The number of English Language Learners students, which totaled 520 in the 1999-2000 school year, increased significantly to 1,441 in 2006, and now is at 11.4 percent (1,343 students); last year it was 11.3 percent. The highest number of ELL students are at Northport, 41.1 percent., followed by 30 percent at Meadow Lake. Robbinsdale Middle School had a large spike in the number of ELL students it serves: from 9.9 percent last year to 14 percent this year.

Beekman noted that 17.3 percent of the district’s students go home to non-English speaking families. Among the 51 different languages spoken in the homes of District 281 students, 8.3 percent speak Spanish, 2.3 percent speak Hmong, and 1.8 percent speak Creolized English.

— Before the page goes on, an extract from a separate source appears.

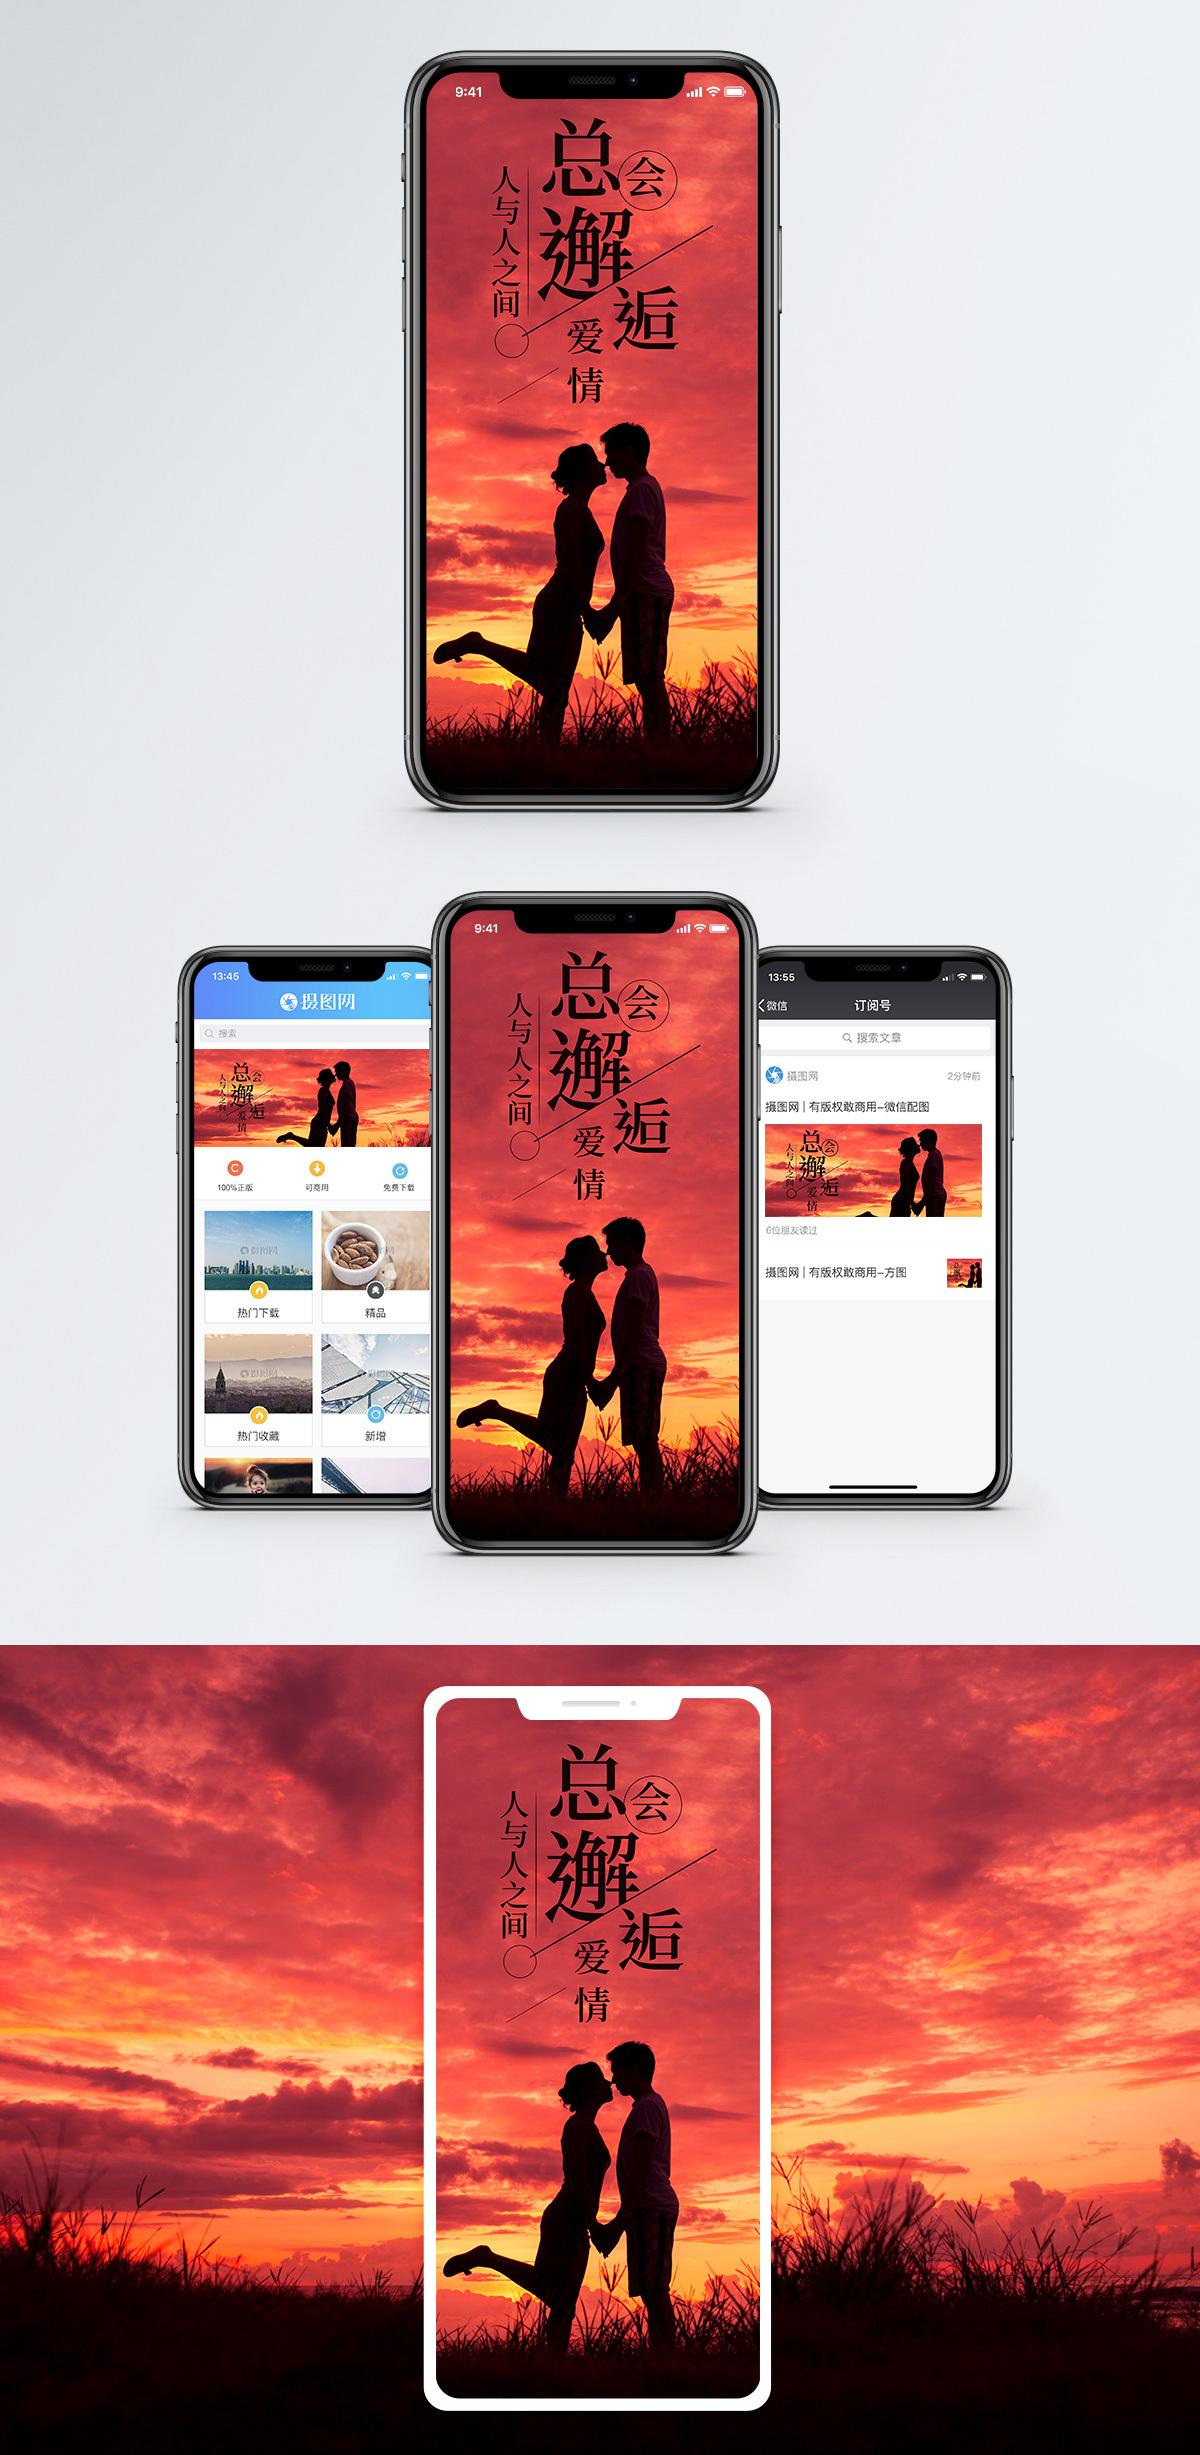 邂逅爱情手机海报配图图片

Mobility, the measurement of how often students transfer in and out of school during the school year, was at 19.4 percent district wide in 2010-11. At the secondary level, it ranged from a high of 33.1 percent at Cooper High School (an increase of more than 8 percent) to 23.2 at Robbinsdale Middle School, 17 at Armstrong High School, and 9.1 at Plymouth Middle School. At the elementary level, the mobility rate ranged from a high of 35.7 percent at Northport to 1 percent at Robbinsdale Spanish Immersion School.